§ **Work instructions**:
Using the data below, reproduce exactly the lines from the line with "A LittleBits module" to the line with "2004 -2015 NISSAN", both included; pictures must be dropped.

§ **Data for this task**:
/---
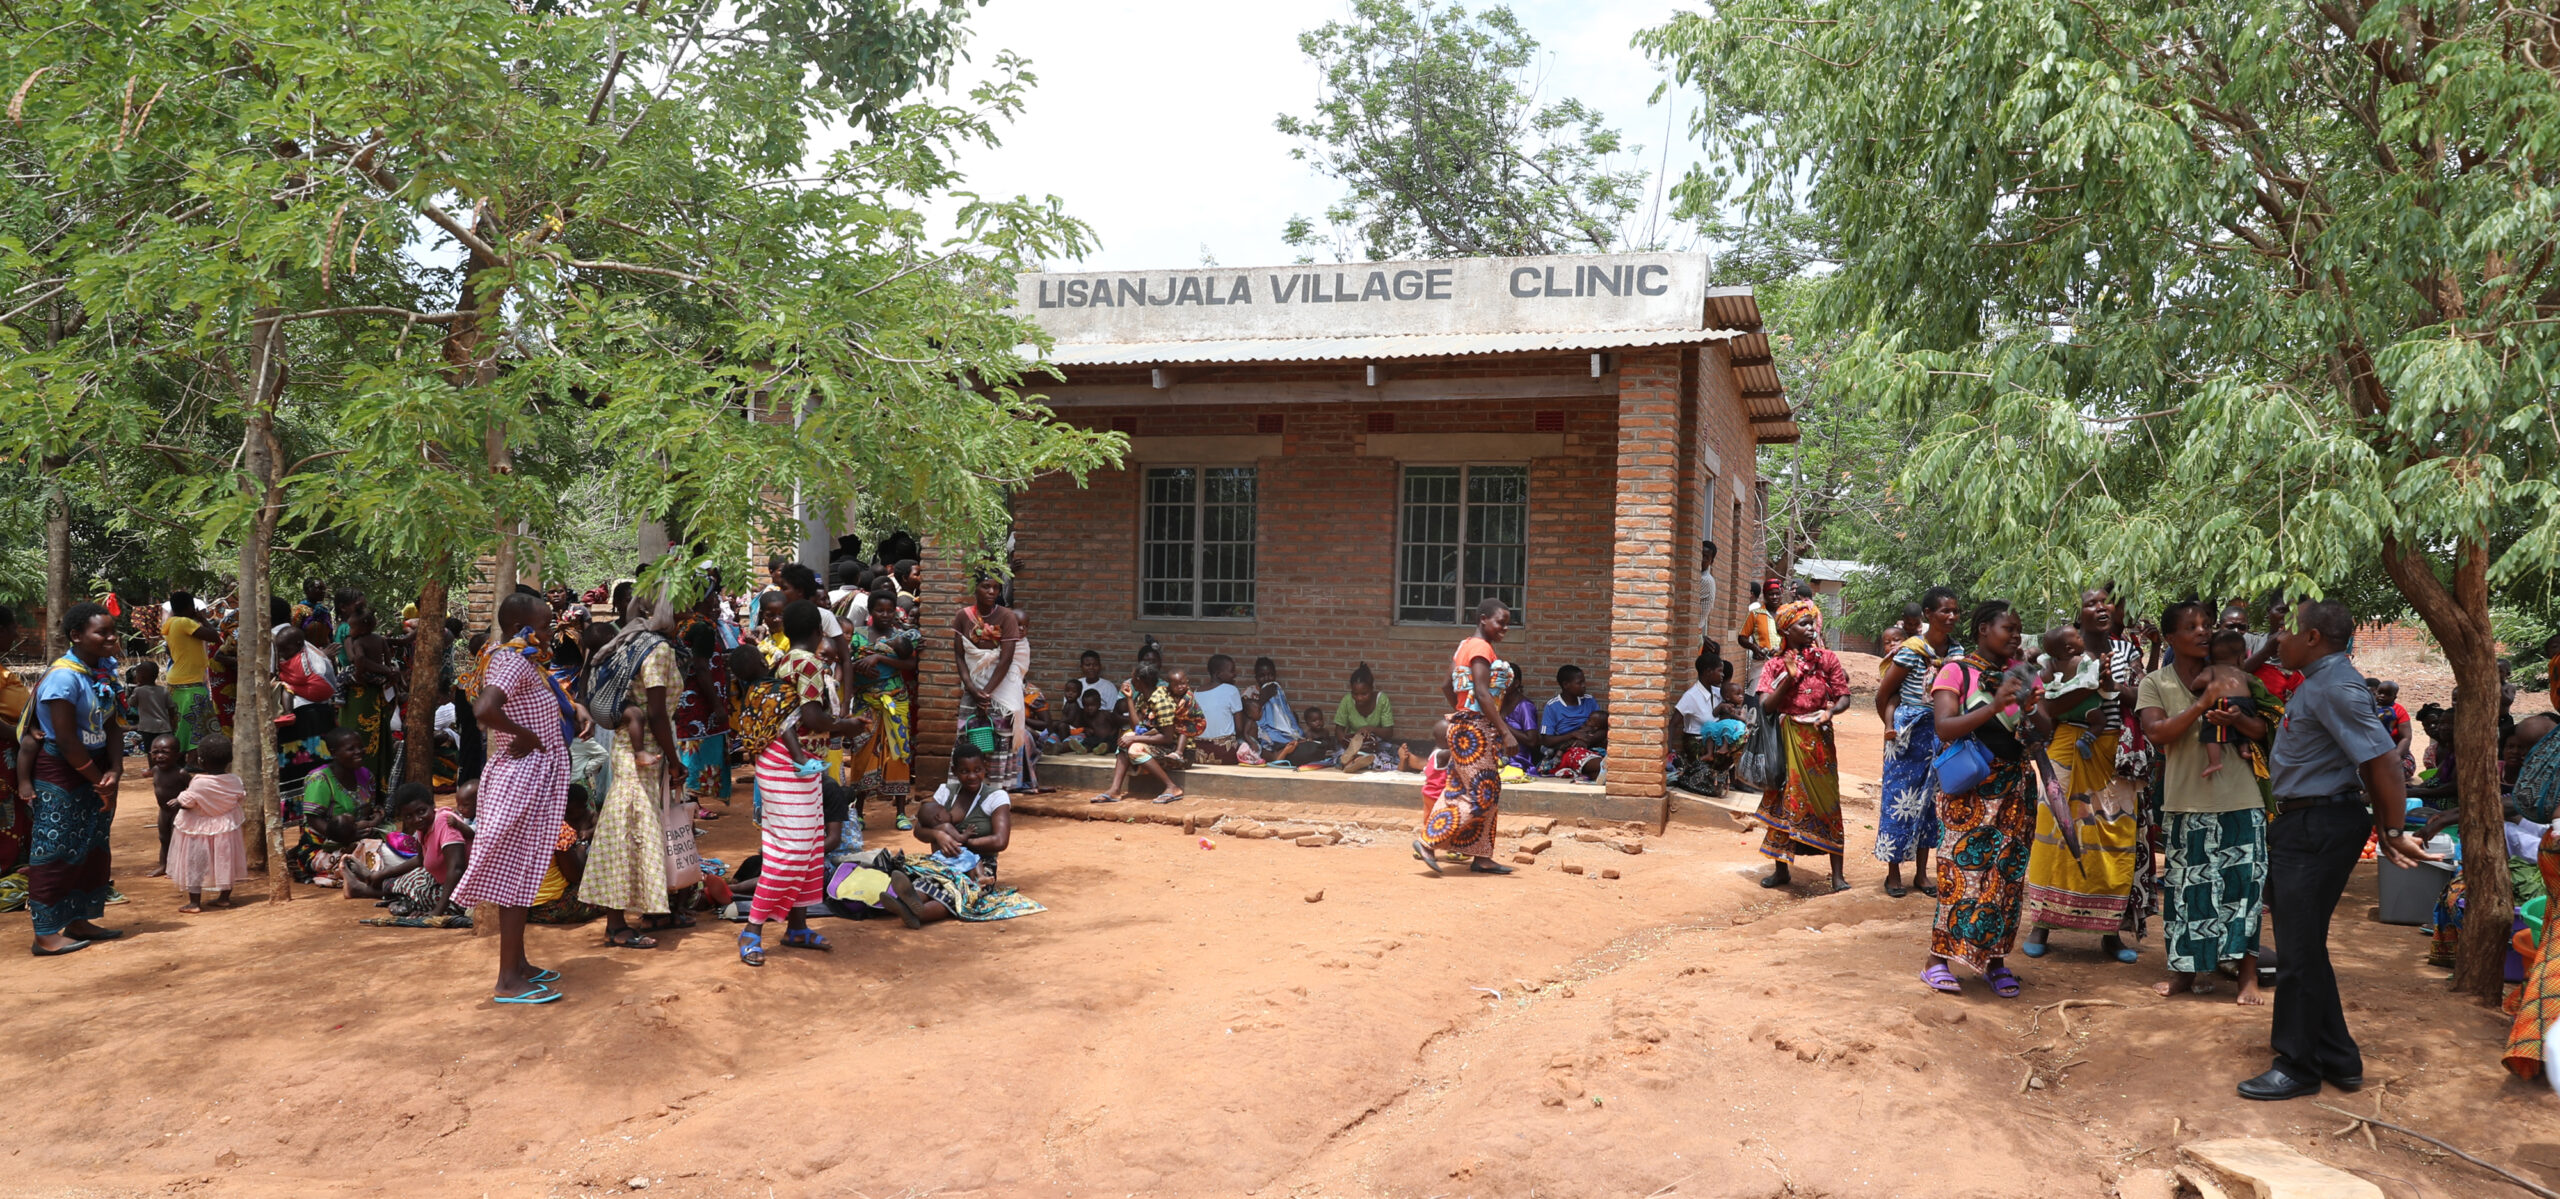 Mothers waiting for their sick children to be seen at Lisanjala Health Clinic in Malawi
\---
/---
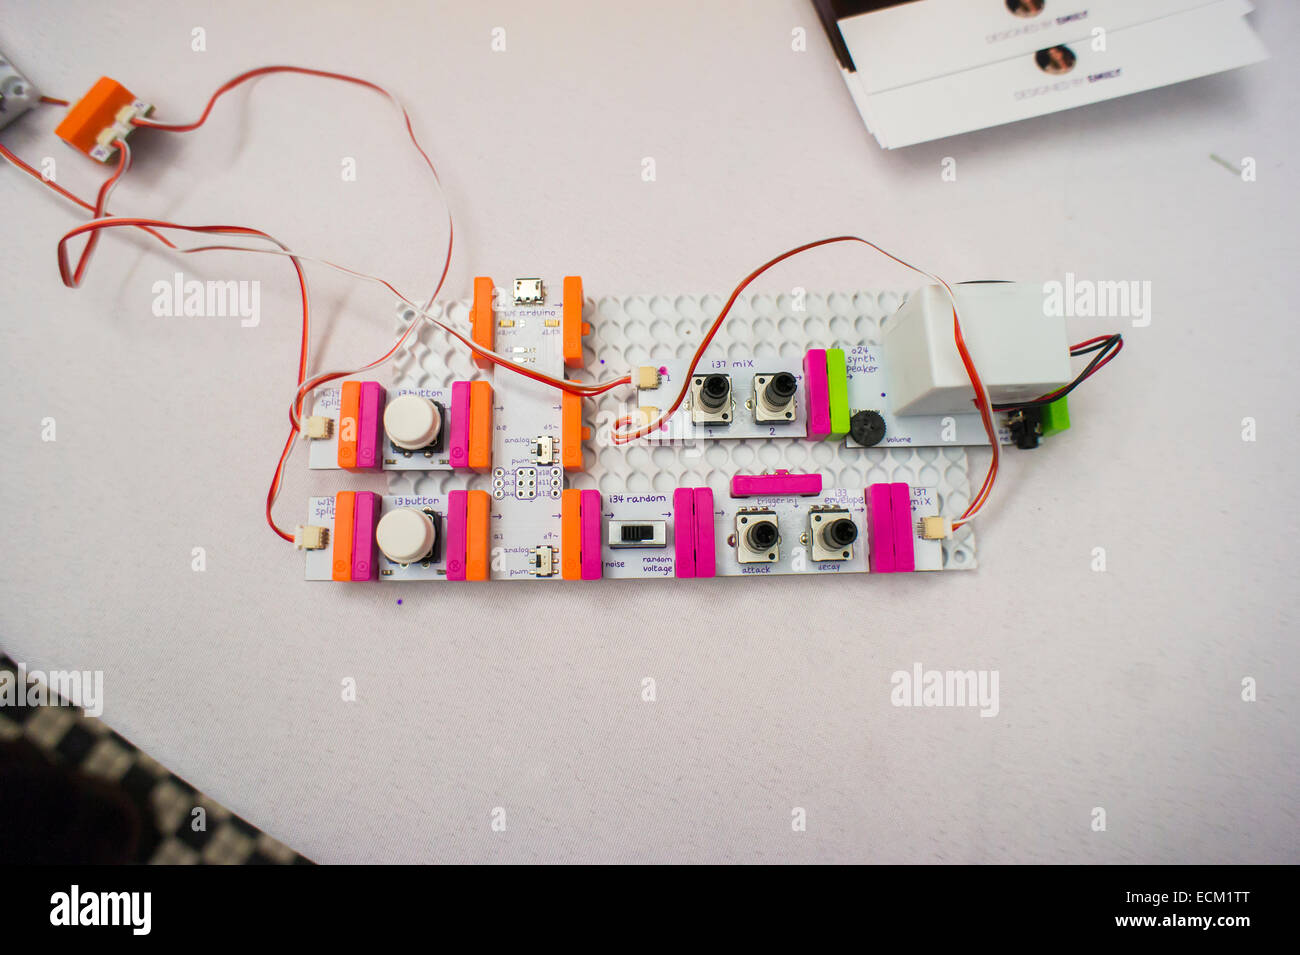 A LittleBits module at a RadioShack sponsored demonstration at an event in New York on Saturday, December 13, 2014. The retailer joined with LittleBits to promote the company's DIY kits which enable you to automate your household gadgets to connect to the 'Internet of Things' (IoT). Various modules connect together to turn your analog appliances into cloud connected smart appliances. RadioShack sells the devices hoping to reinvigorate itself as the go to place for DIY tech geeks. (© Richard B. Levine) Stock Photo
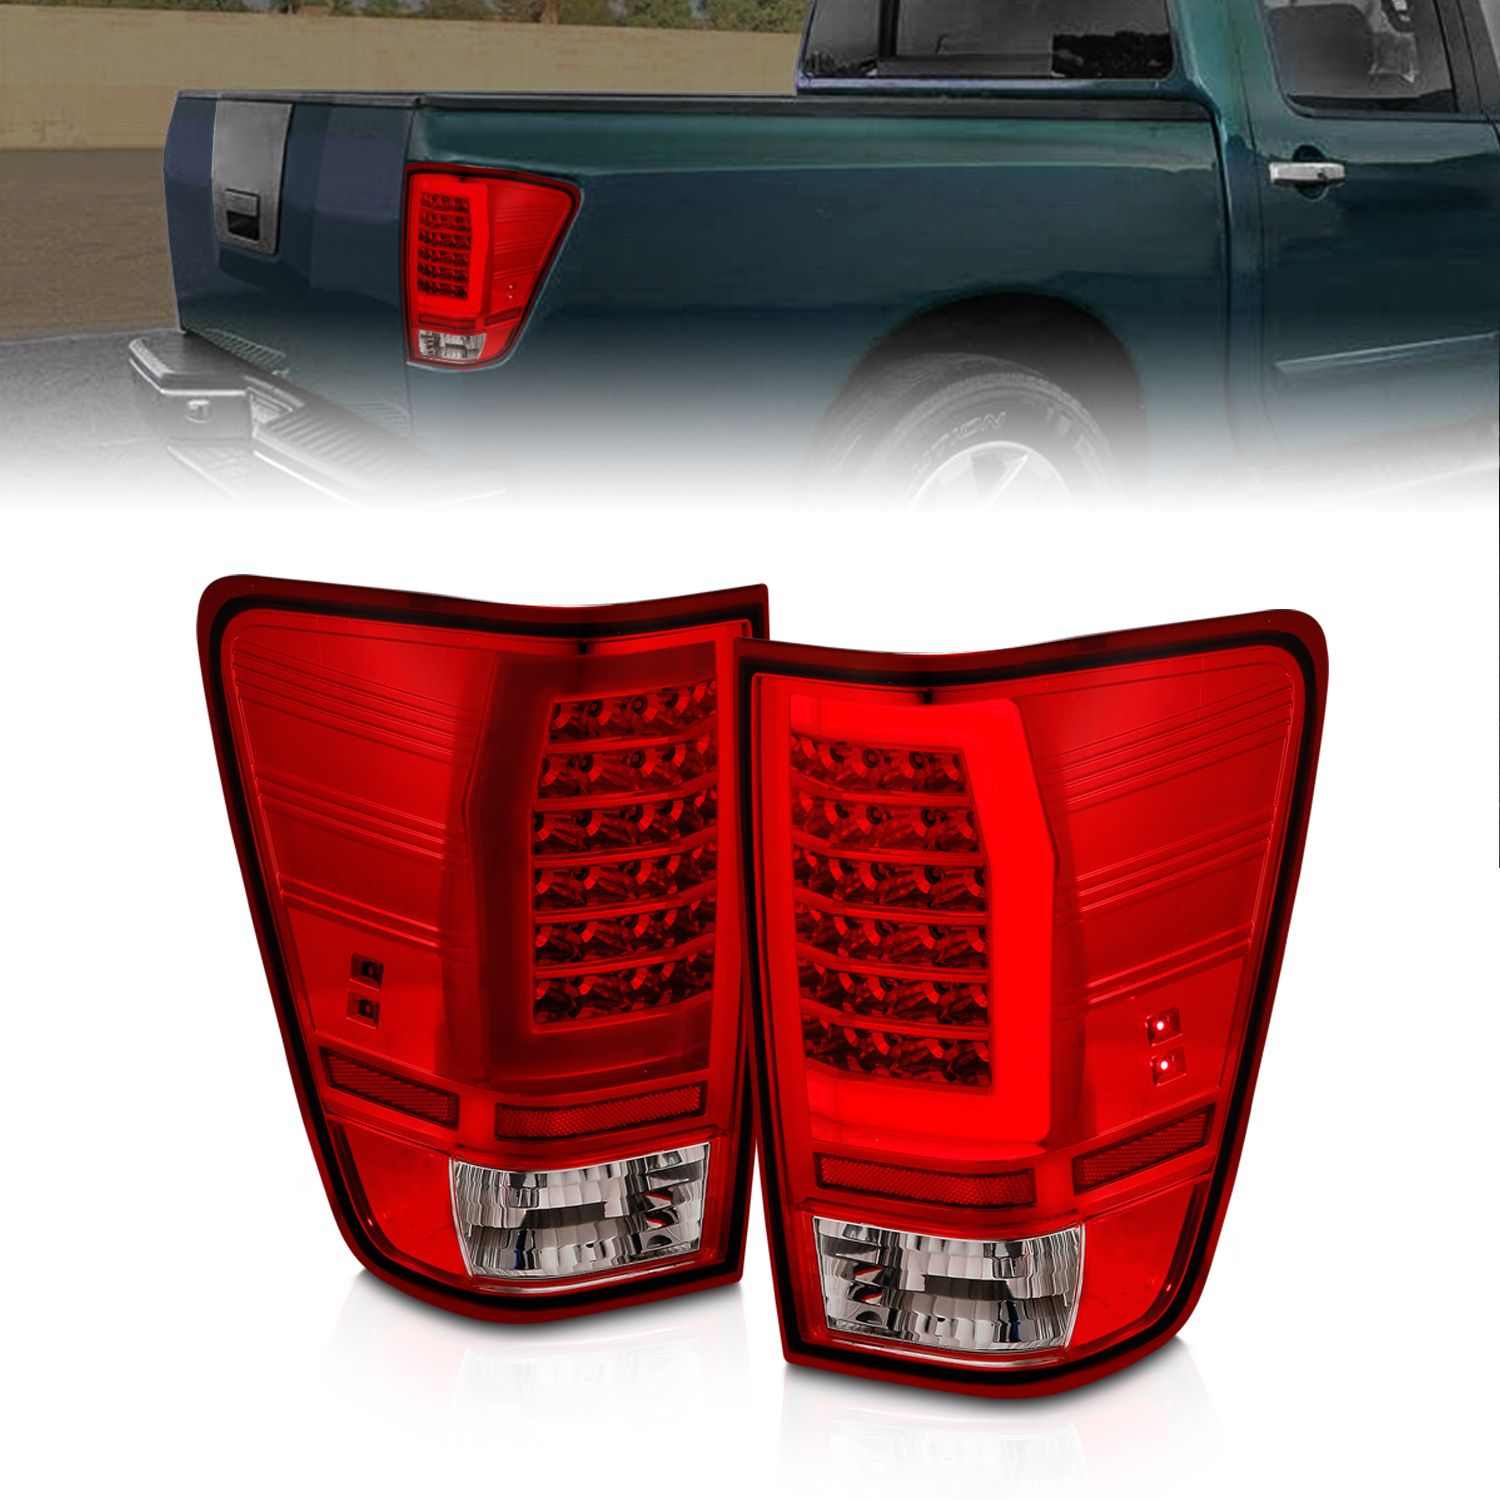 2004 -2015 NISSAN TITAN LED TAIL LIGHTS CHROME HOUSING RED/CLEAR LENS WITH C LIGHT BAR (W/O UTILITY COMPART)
\---
§ **Reply**:
 A LittleBits module at a RadioShack sponsored demonstration at an event in New York on Saturday, December 13, 2014. The retailer joined with LittleBits to promote the company's DIY kits which enable you to automate your household gadgets to connect to the 'Internet of Things' (IoT). Various modules connect together to turn your analog appliances into cloud connected smart appliances. RadioShack sells the devices hoping to reinvigorate itself as the go to place for DIY tech geeks. (© Richard B. Levine) Stock Photo
 2004 -2015 NISSAN TITAN LED TAIL LIGHTS CHROME HOUSING RED/CLEAR LENS WITH C LIGHT BAR (W/O UTILITY COMPART)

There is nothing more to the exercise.